Pour conclure ce chapitre, tout en relocalisant l’émergence d’Ego comme X, je dirai que cette structure vit le jour conjointement à l’essor de certains auteurs de chez Delcourt, que la maison Delcourt vit le jour à peu près en même temps que les « indépendants », aussi bien locaux que nationaux et internationaux et que le contexte local du dessin animé à Angoulême eut son influence, ne serait-ce que sous un aspect que j’appellerai « flotteur économique » sur la production et la pensée de chaque autrice et auteur, qu’elles et qu’ils se destinèrent à une bande dessinée dite « indépendante » ou qu’elle fut plus « mainstream ».

À suivre…

  1. partie du tome 4 du Journal qui fait état de ces groupes que nous formions. Humainement d’assez belles années et d’assez belles rencontres, ponctuées fatalement par des discussions sur le medium bande dessinée parfois ferraillante et houleuse mais, dans l’ensemble, un esprit assez loin des oukazes et des chapelles. Aussi bien le groupe Ego comme X ne fut guère fondé sur une amitié prioritaire, autant l’amitié entre auteurs ayant des démarches parfois radicalement opposées fut possible. Nous avions même, très régulièrement, des banquets façon Astérix dans un petit restaurant alsacien appelé La Chouc’. Ce restaurant de qualité était tenu par un chef qui y faisait une excellente cuisine pour des tarifs fort raisonnables. Nous lui avons fait plus d’une fois par semaine ses soirées et pendant quelques années, des soirées allant parfois jusqu’à une vingtaine de personnes, regroupant aussi bien « l’écurie Delcourt » qu’Ego comme X et les compagnes et compagnons des uns et des autres.

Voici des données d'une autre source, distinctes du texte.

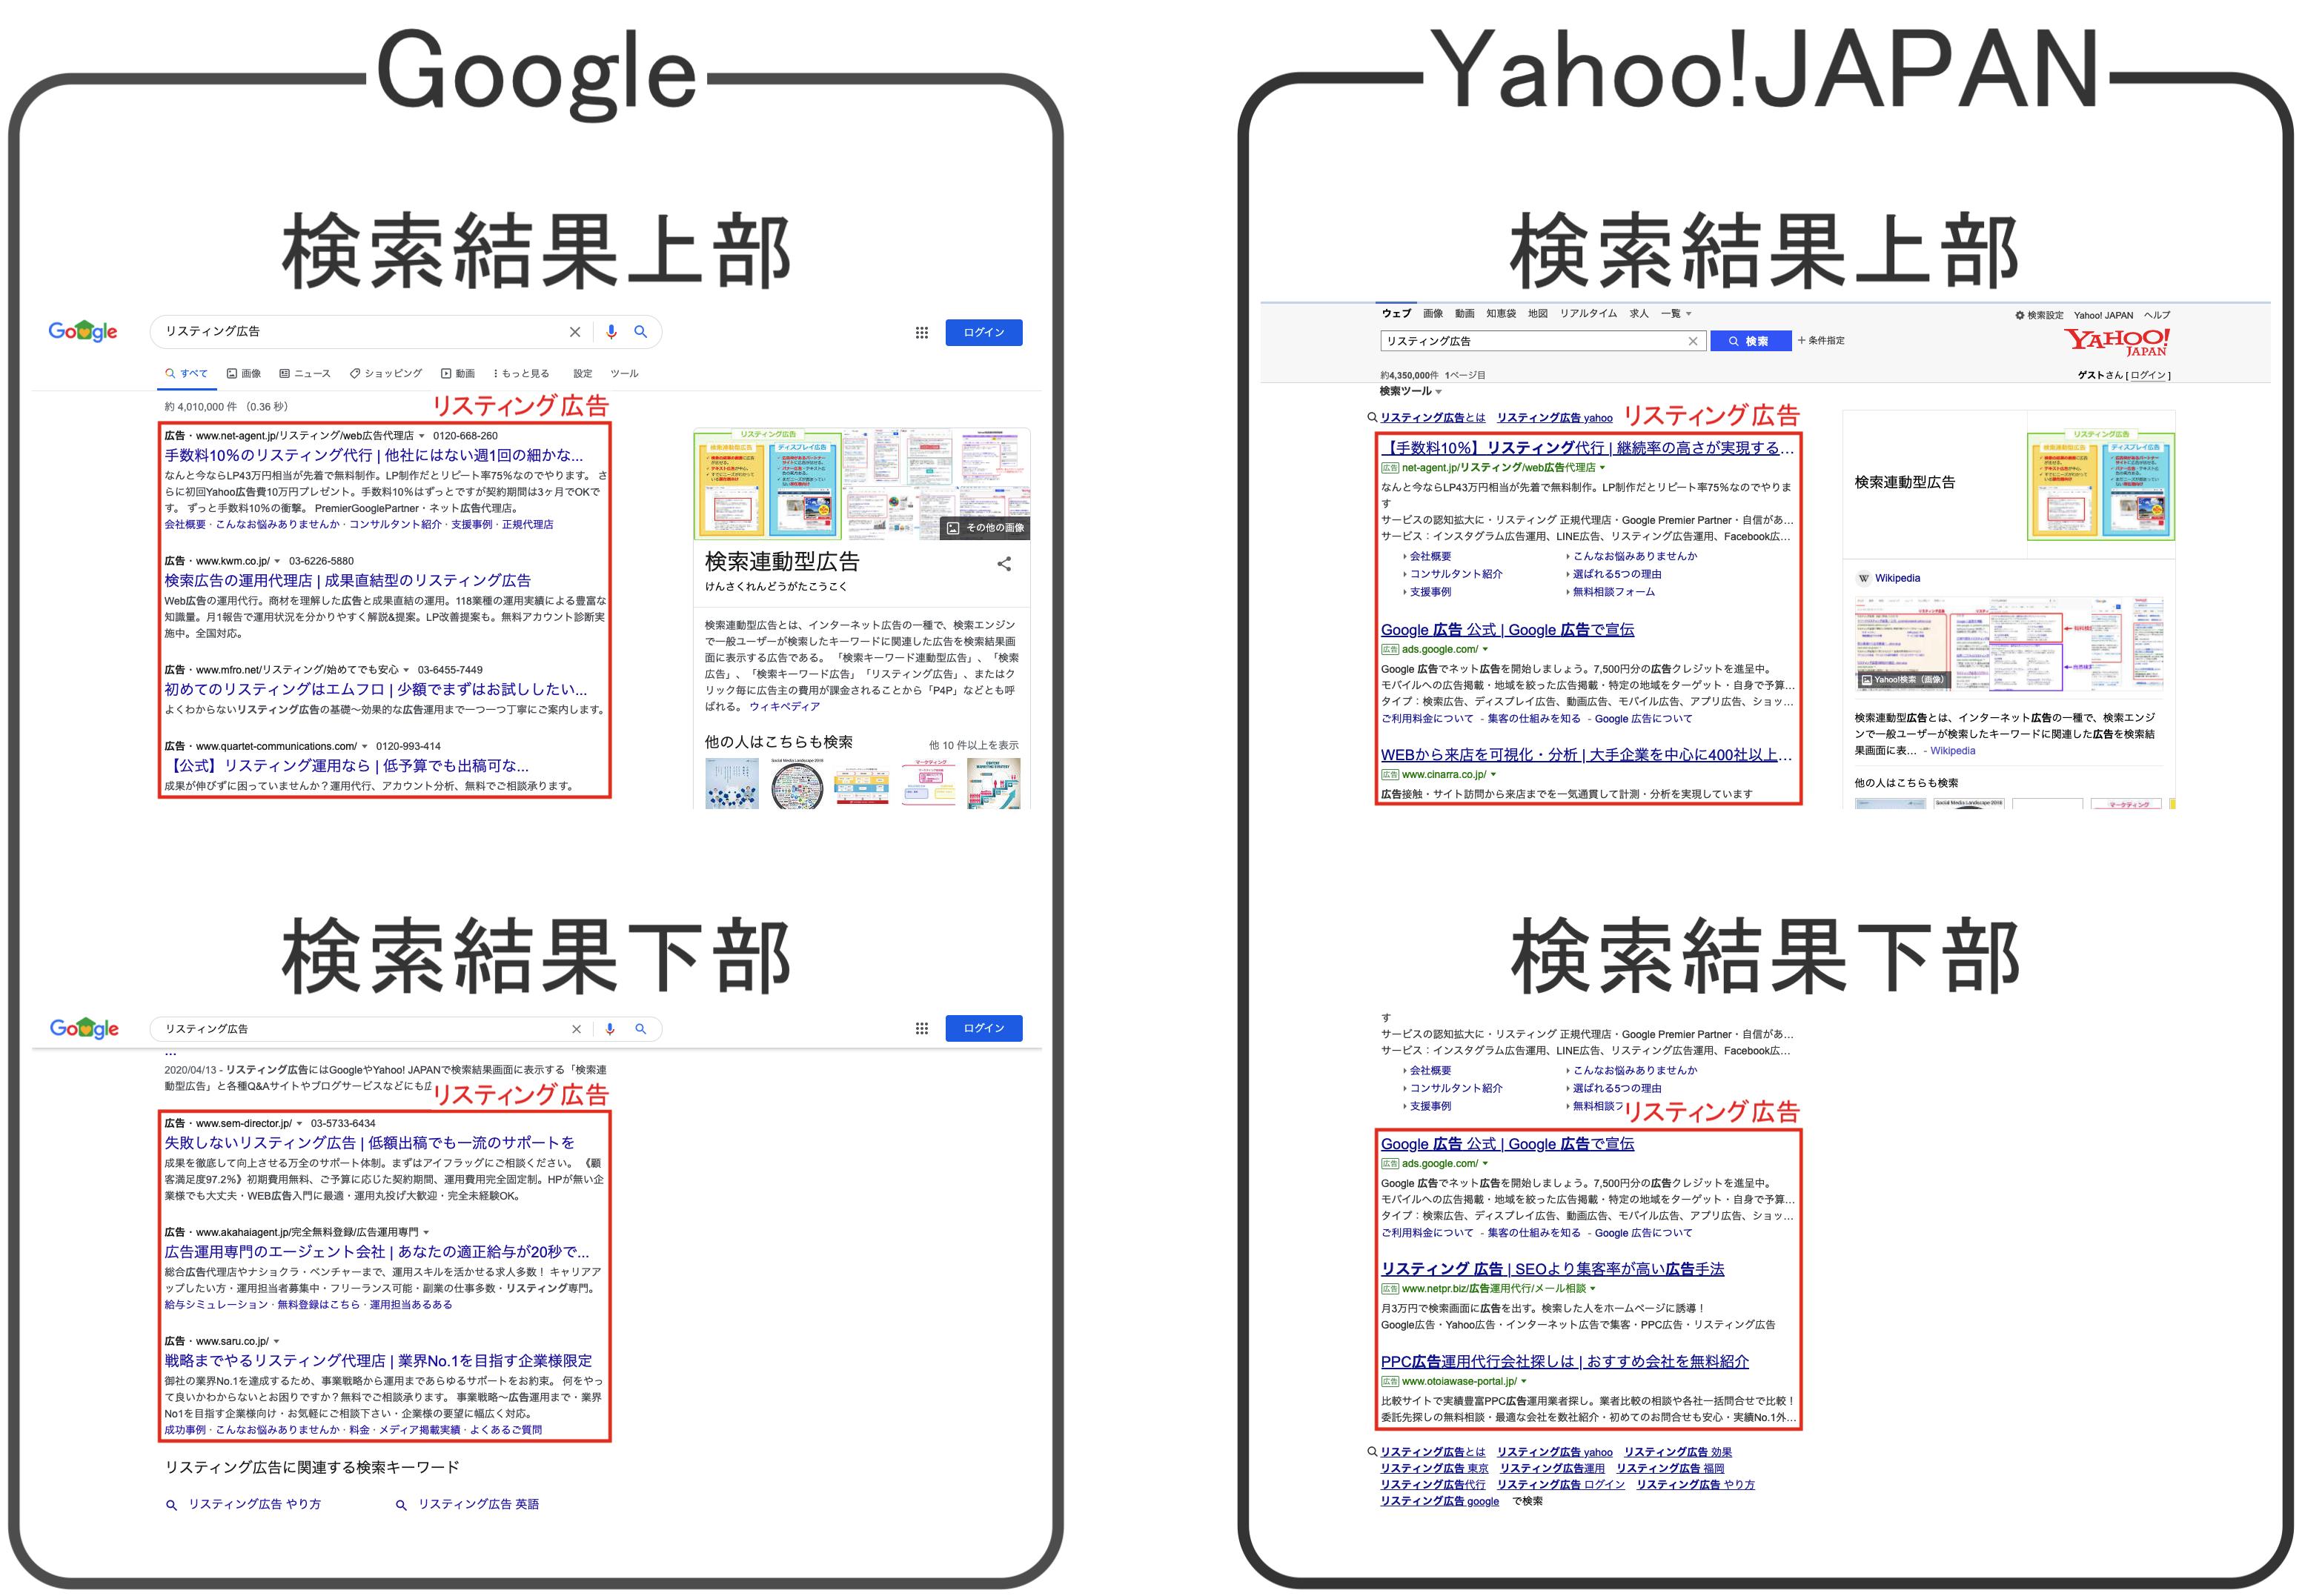 GoogleとYahoo!JAPANのリスティング広告掲載箇所の一覧図

    Précisons qu’Ego comme X fut la première et la seule structure « indépendante » d’Angoulême pendant de nombreuses années et au moins pour partie des années 90.

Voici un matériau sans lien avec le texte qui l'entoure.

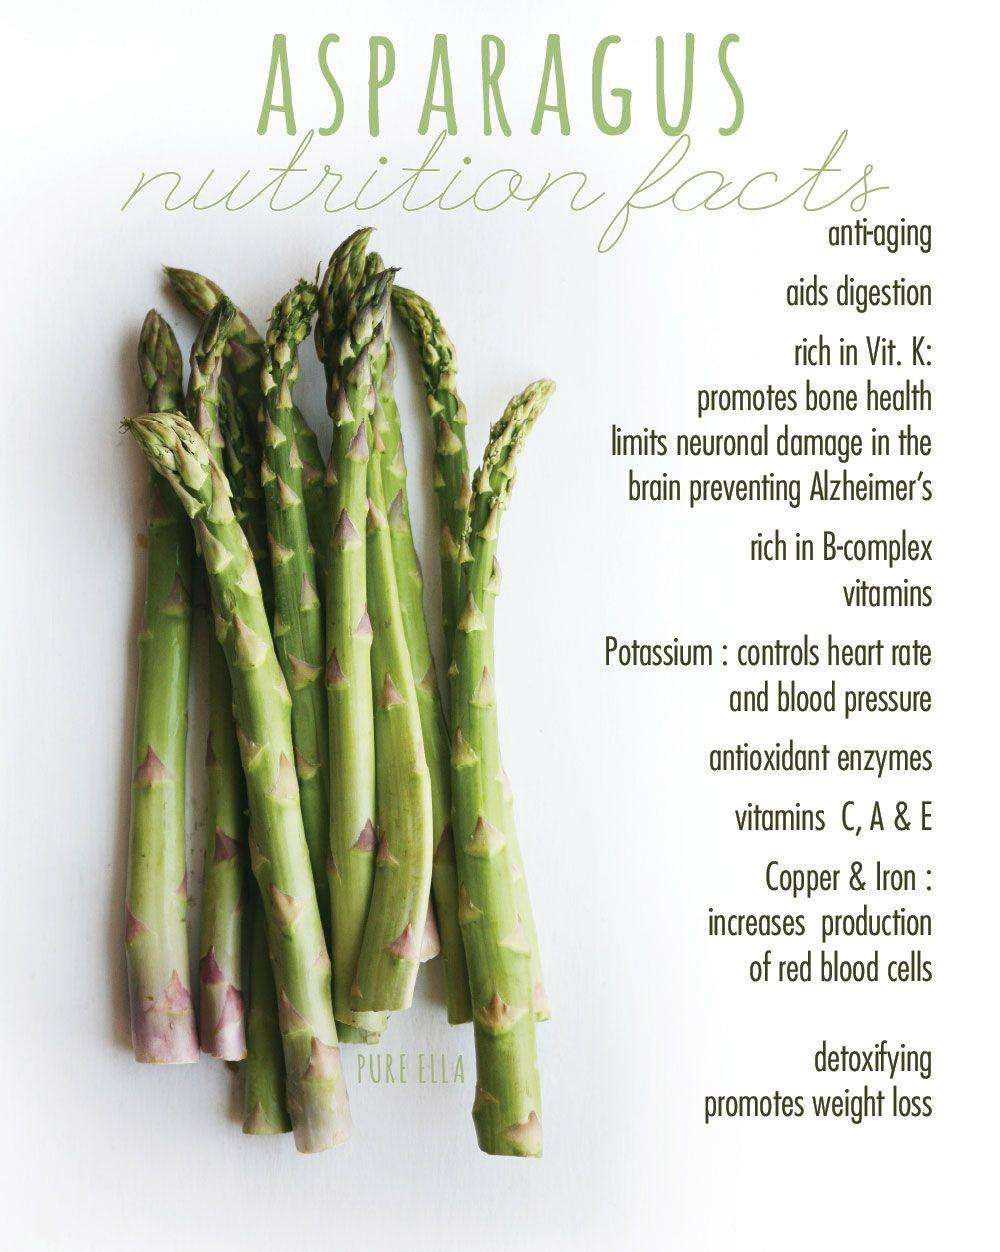 nutrition facts : health benefits of asparagus | asparagus

  2. Je fais ici un petit aparté sur le terme « indépendants », vite réduit, en novlangue, à son diminutif « indés », cité plus haut. Comme je l’ai signalé, ce terme n’est pas vraiment pertinent et il n’a toujours pas trouvé d’équivalent adéquat à ce jour. Employé sans doute par défaut à l’époque il a eu le défaut, comme bien de ces provisoires qui durent, de perdurer. Cet aparté vient volontairement s’insérer ici où je parle de la maison Delcourt puisqu’à conserver la définition stricte de cet adjectif substantivé, soit « indépendance économique et financière », ladite maison est bien une structure « indépendante ». Ainsi, toute maison d’éditions, toute structure qui n’est pas « indépendante » appartient peu ou prou à des groupes plus vastes qui peuvent, dès lors, décider ou influencer l’orientation du catalogue et des projets éditoriaux. C’est sans doute sur cette seconde occurrence du terme que s’est orientée sa conservation : l’idée que les « indépendants » auraient des choix éditoriaux essentiellement gouvernés par la seule décision de ses éditeurs. Les éditeurs desdits « indépendants » étant eux-mêmes des auteurs, puisque la naissance de ces groupes avait pour fondement et volonté la prise de pouvoir des auteurs eux-mêmes sur leur propre production ou leur réappropriation, la définition et la conservation du terme « indépendants » s’est faite sur l’idée que priorité serait donnée aux auteurs et à leurs projets  en dehors ou, idéalement, au-dessus de toute autre préoccupation. Par extension (et sans doute abus) le terme devint-il générique de toutes les petites maisons d’éditions émergentes du début des années 90, ne gardant du sens de ce terme que l’idée d’une « indépendance d’esprit » lors qu’il s’agissait, en première instance, d’une « indépendance financière » (je n’entrerai pas ici plus avant dans le débat des causalités et influences entre ces deux domaines, ce n’est pas mon propos). Aussi est-il important de rappeler que si Delcourt, aujourd’hui la maison d’édition que l’on connaît, énorme et ayant englobé en 2012 les éditions Soleil (qui arrivèrent au milieu des années 90), fut « rangée » par les « indépendants » avec toutes les autres contre lesquels ils émergèrent, il ne fut pas moins « indépendants » qu’eux dans le sens premier du terme tout en émergeant historiquement à peu près à la même période.